What you should do: Copy nothing before the line that contains "NOBULL High Top"; from there, transcribe each line exactly through the end of the material, omitting pictures.

Collected material:
-- Opening Marker --

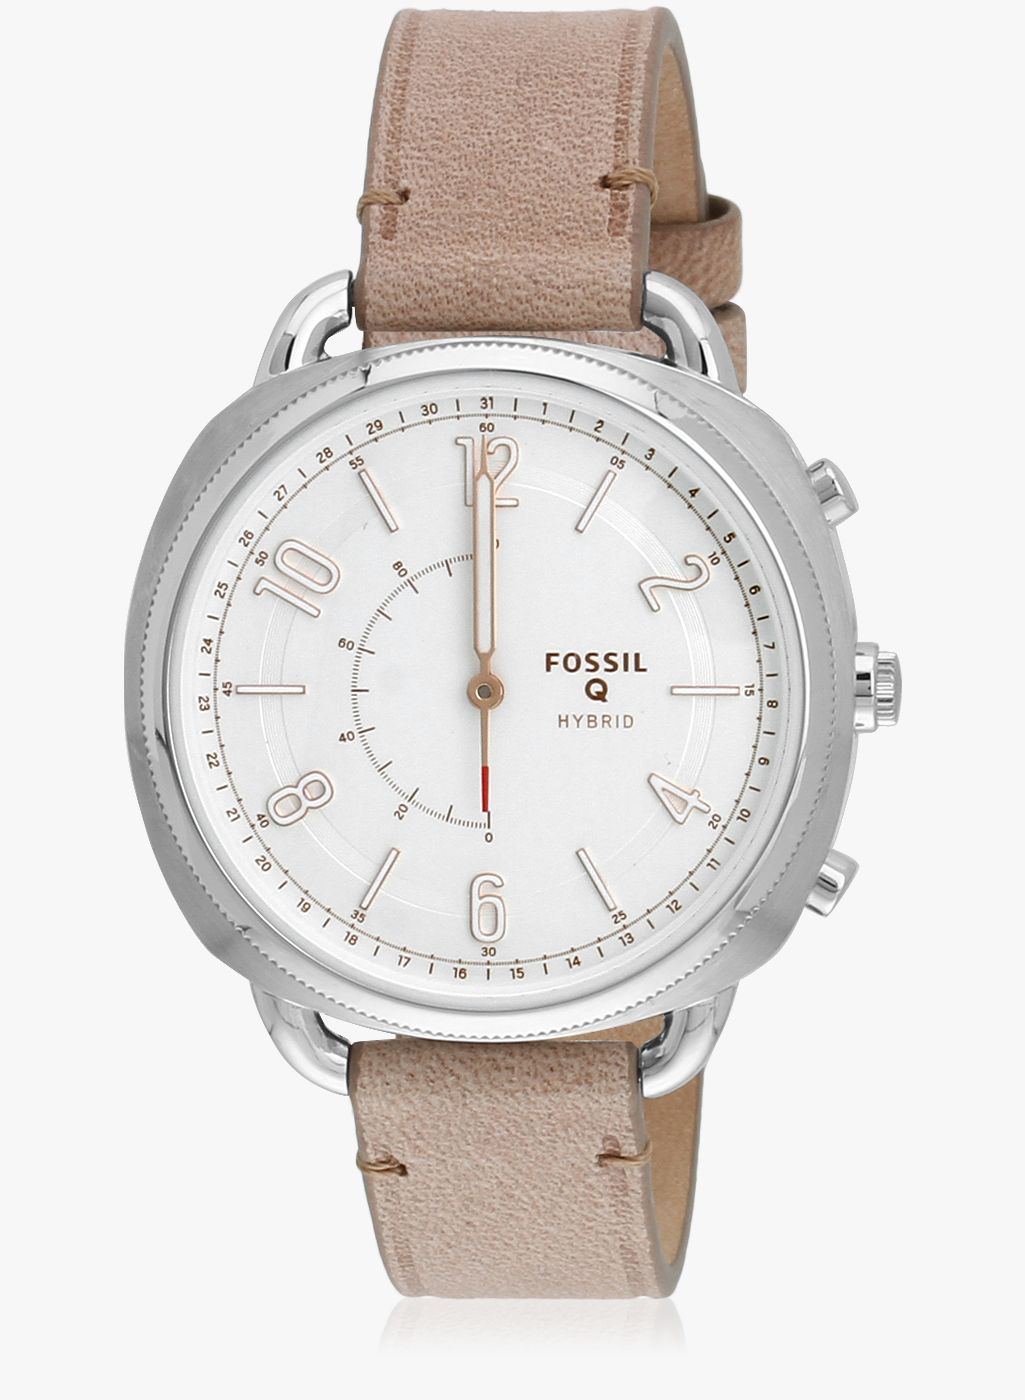 Fossil Store - Shop Fossil Watches, Handbags, Jewellery Online - Jabong
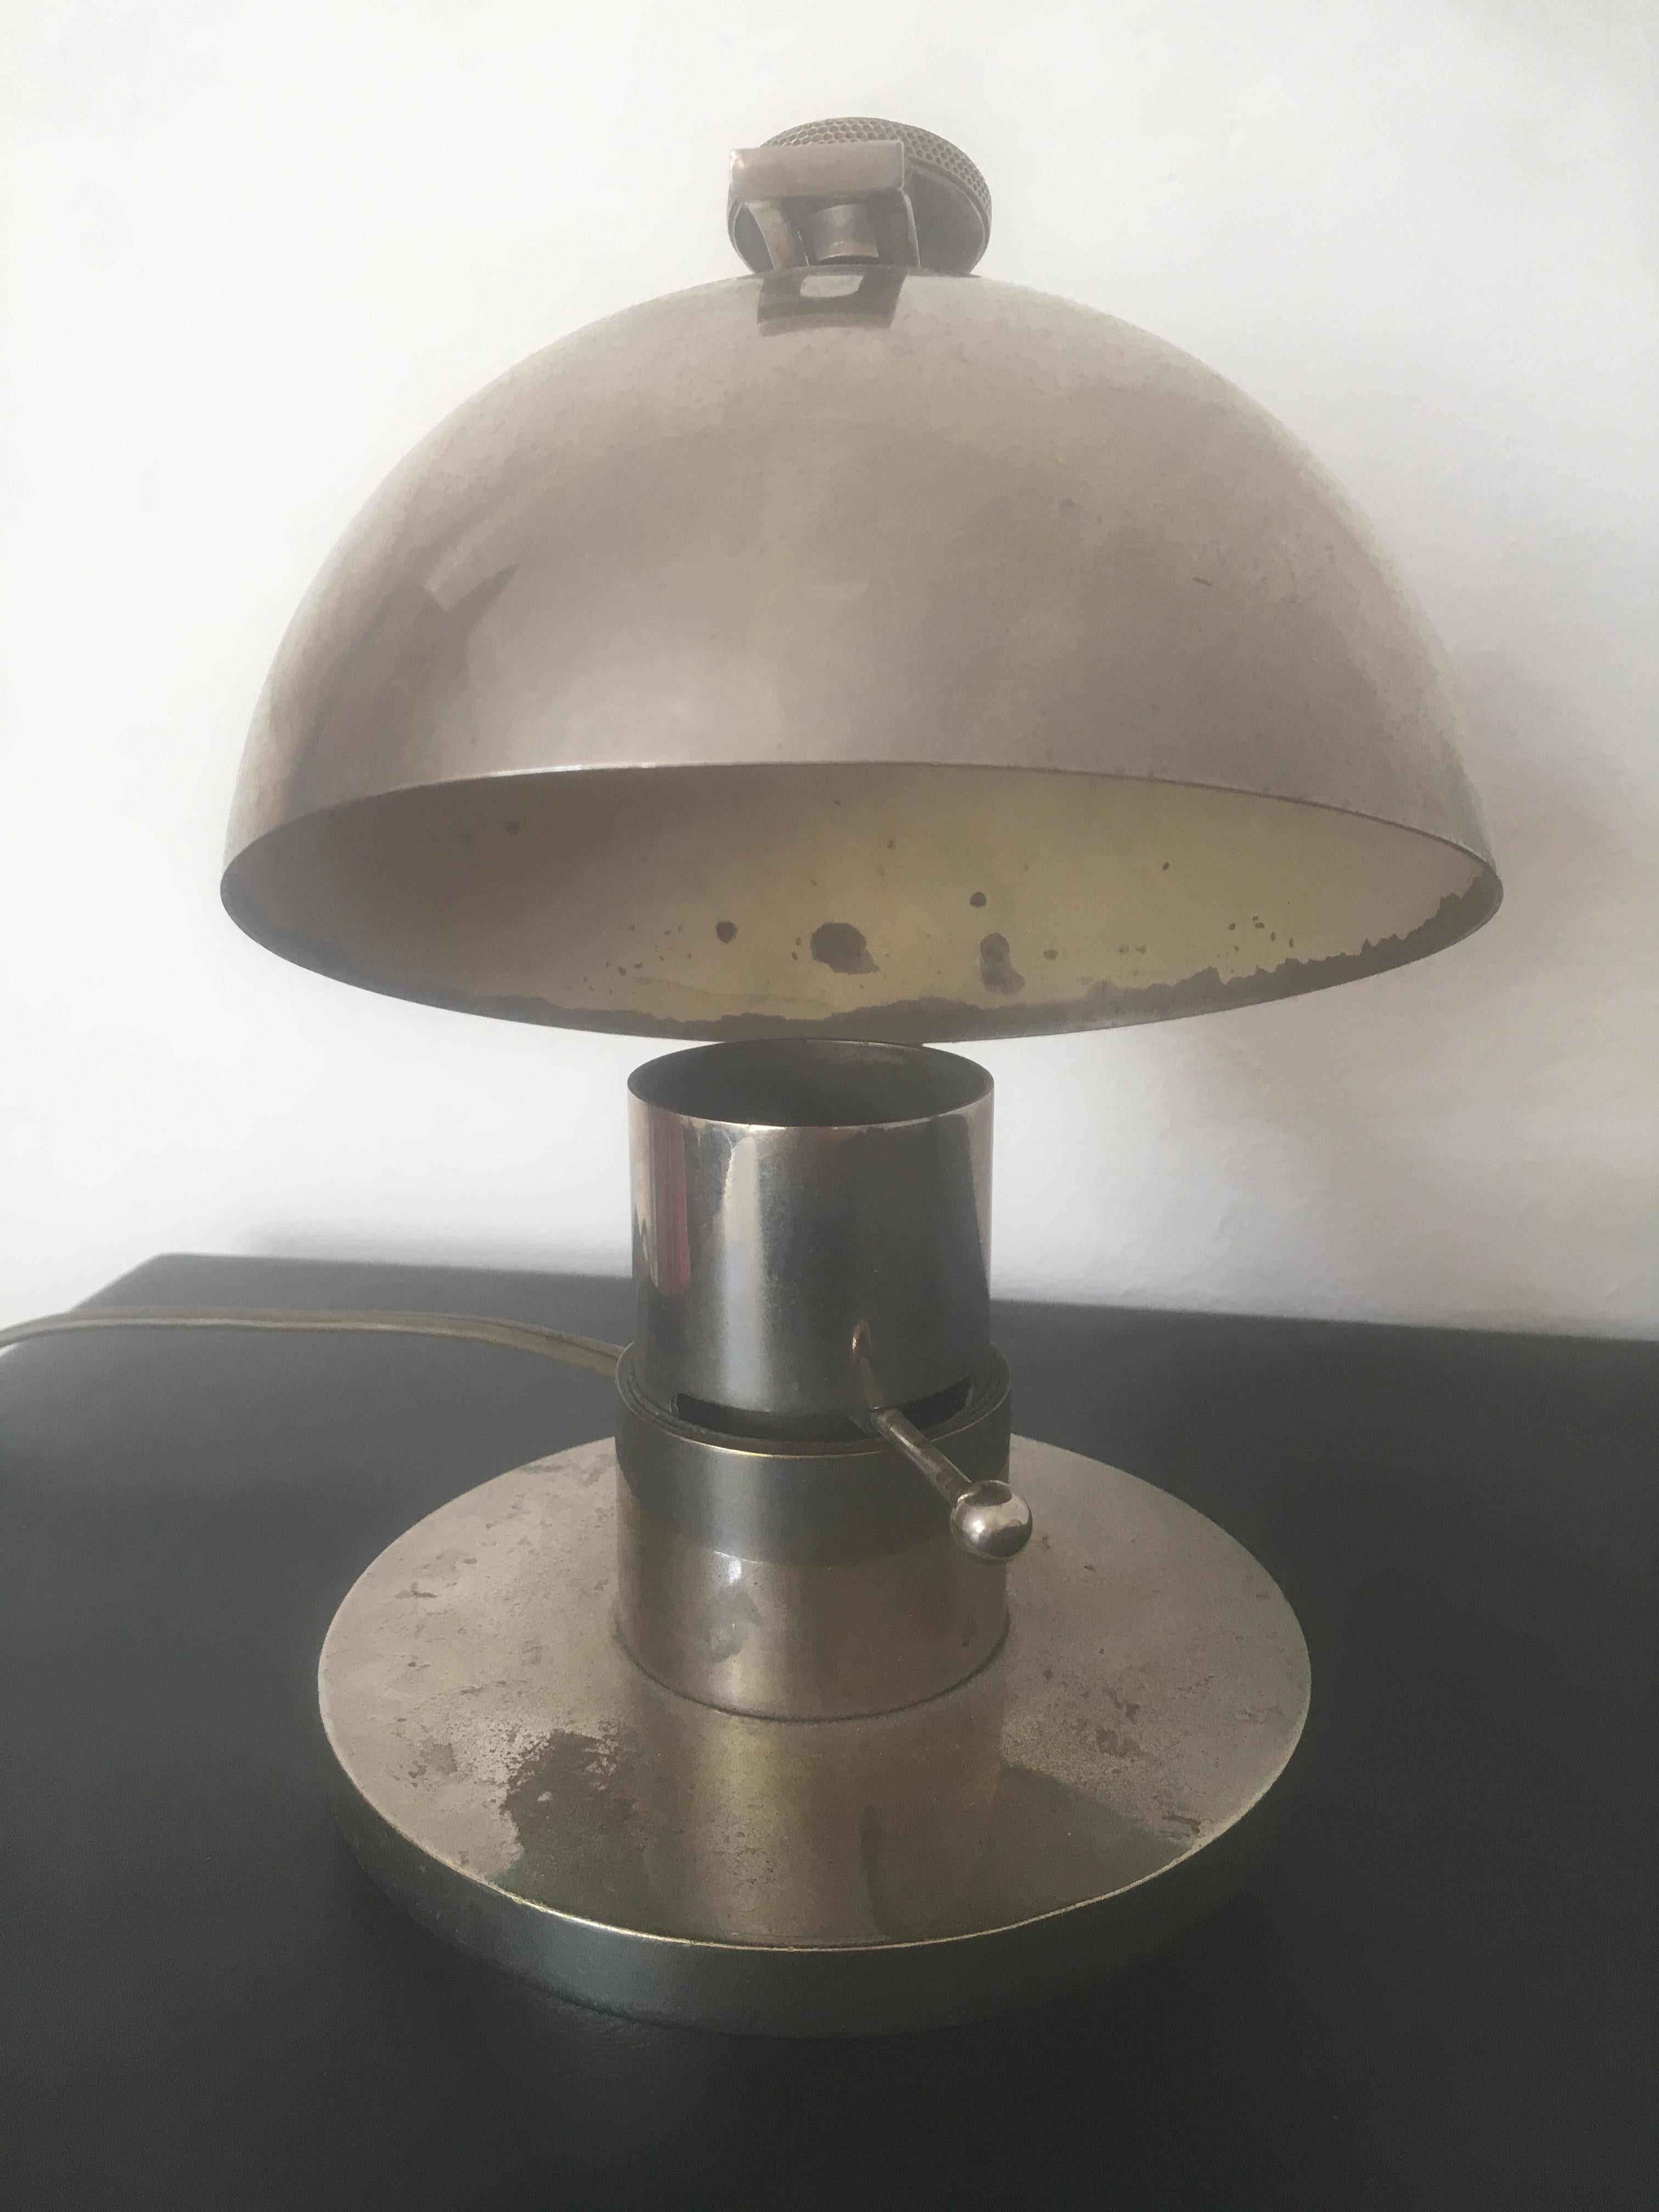 Maison Desny Art Deco Modernist Nickeled Metal Table Lamp, French, 1930s In Good Condition For Sale In Aix En Provence, FR
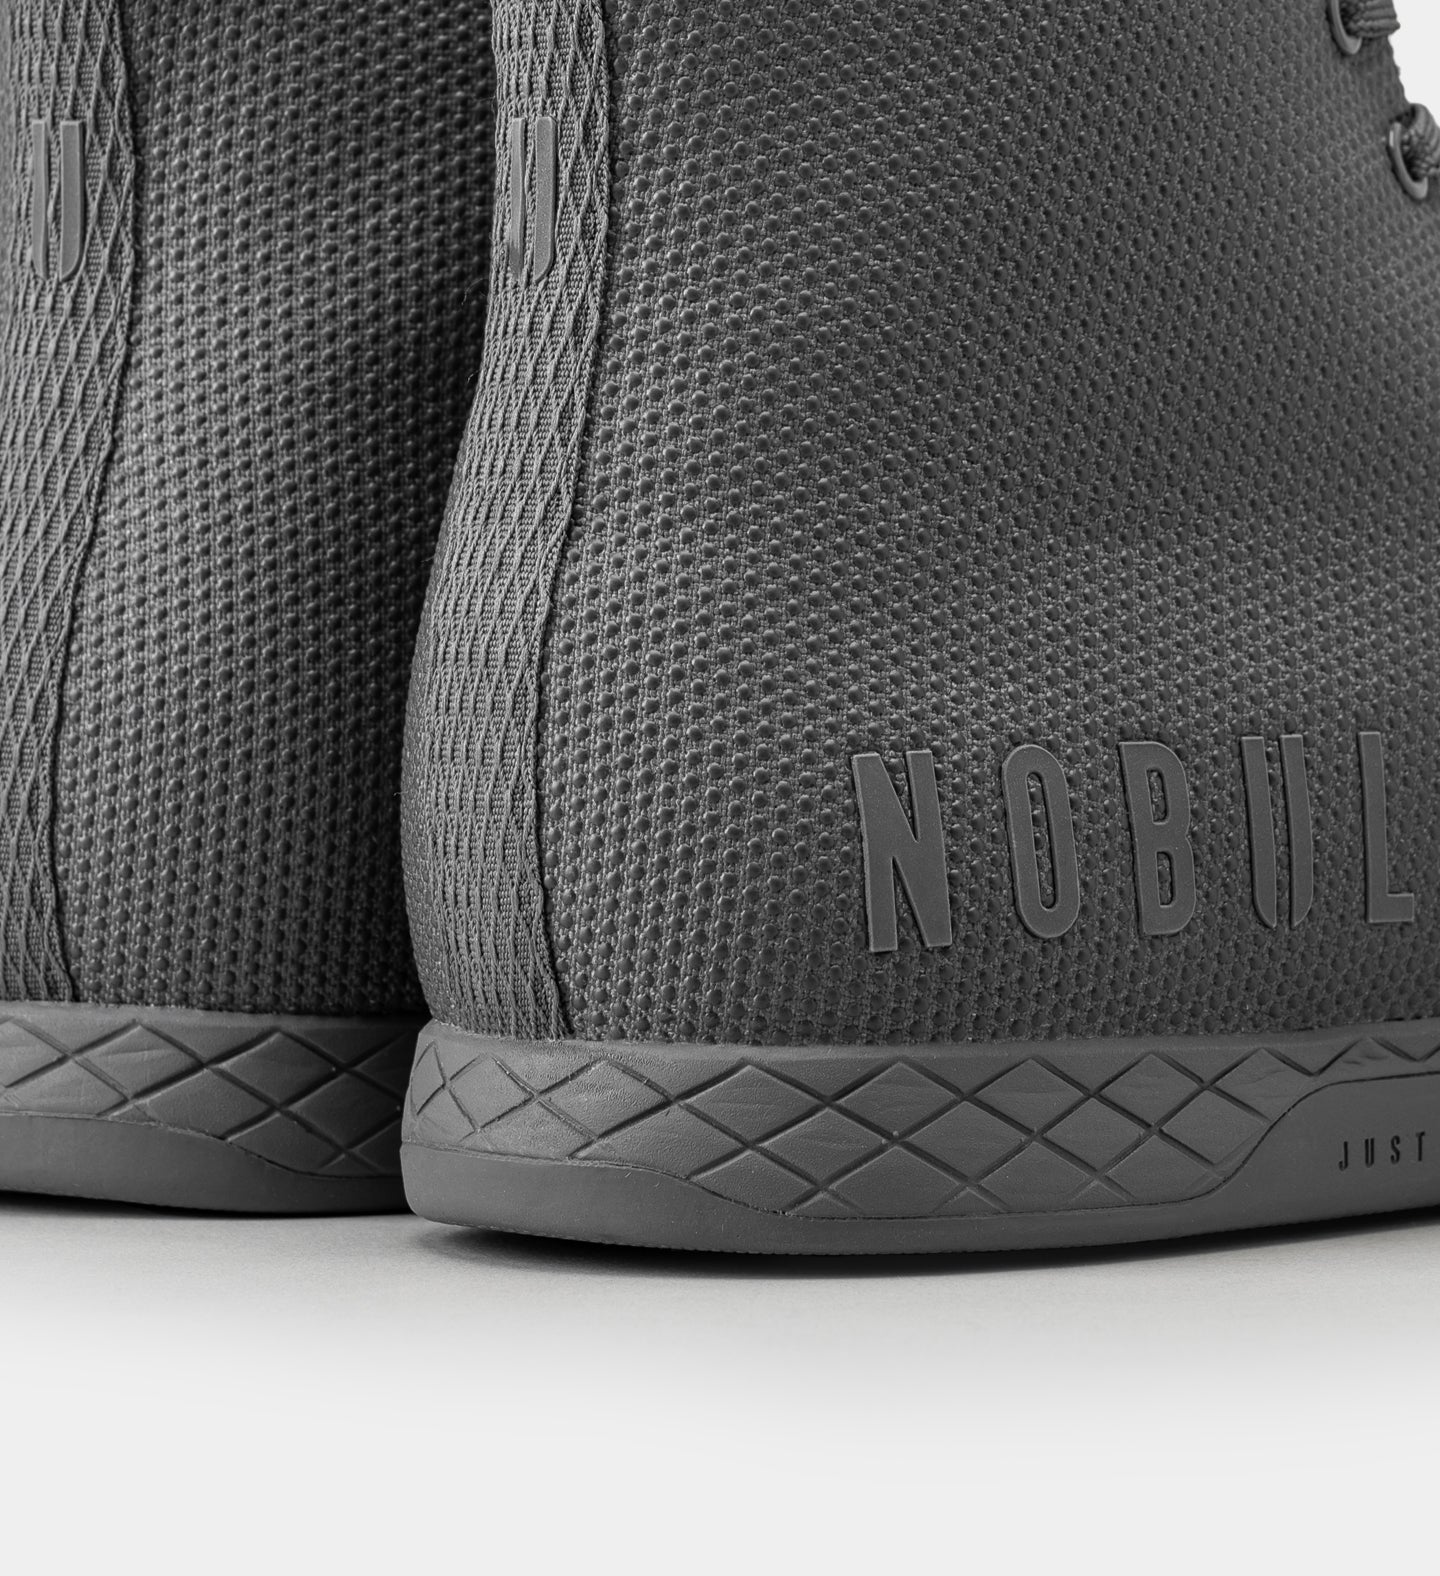 NOBULL High Top Trainer Review - Cross Train Clothes
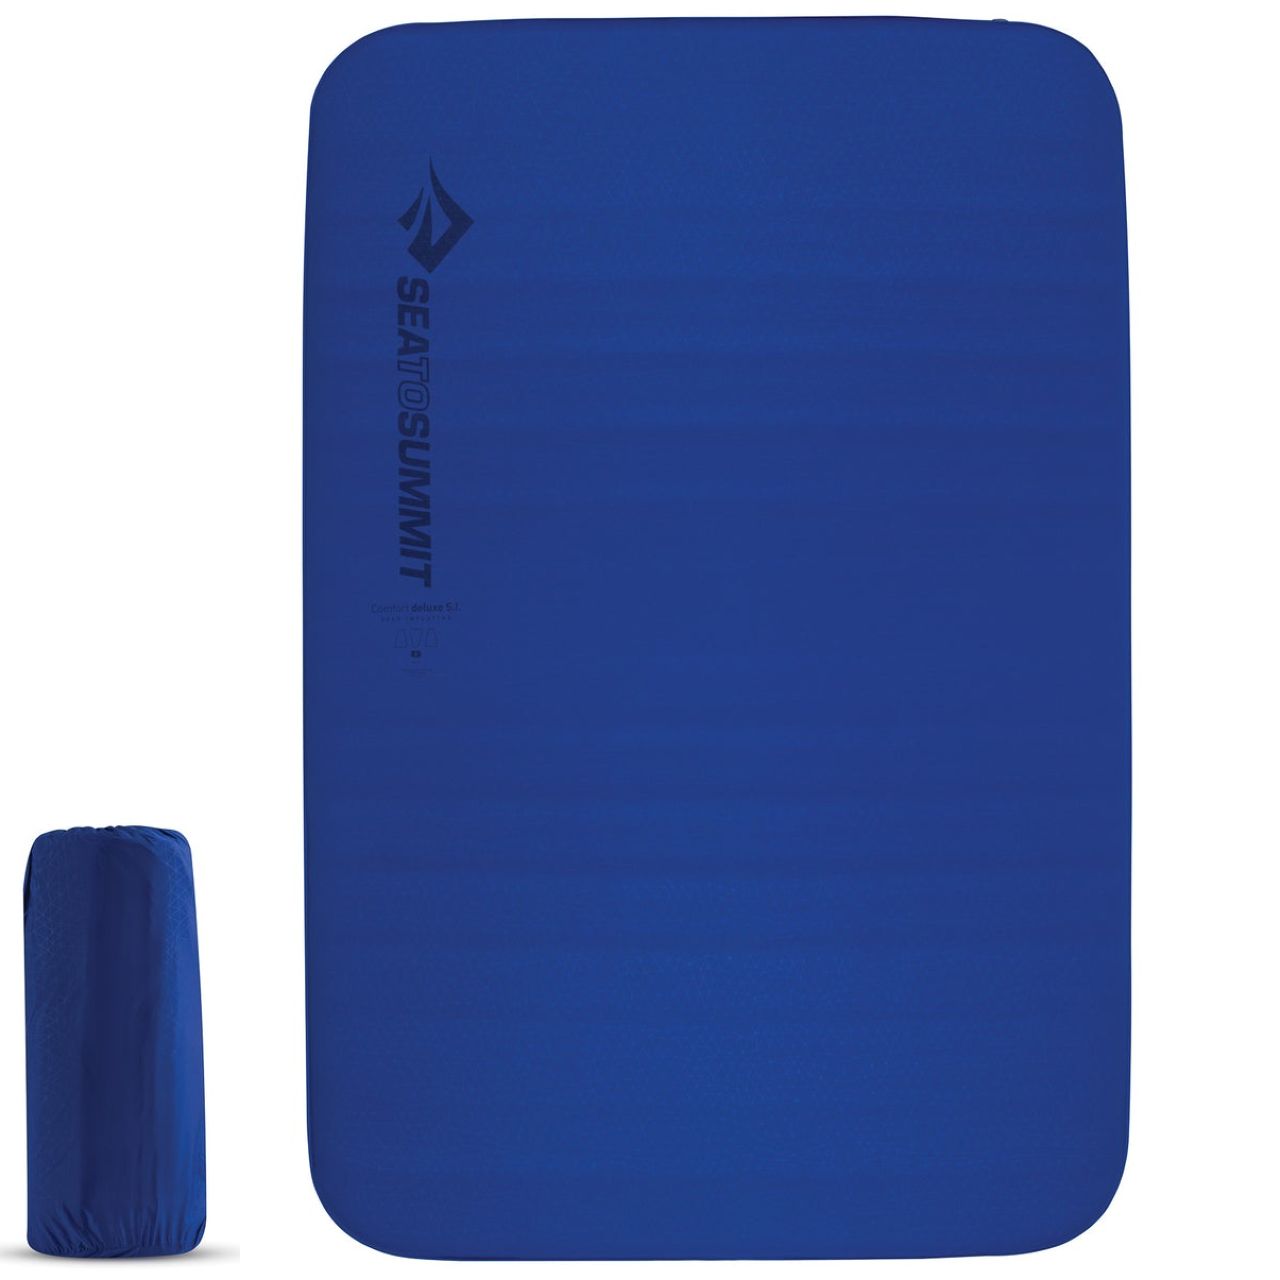 Sea Summit Deluxe Mat - Double | Self-Inflating Sleeping Pads

-- Closing Marker --

Task result:
 NOBULL High Top Trainer Review - Cross Train Clothes
 Sea Summit Deluxe Mat - Double | Self-Inflating Sleeping Pads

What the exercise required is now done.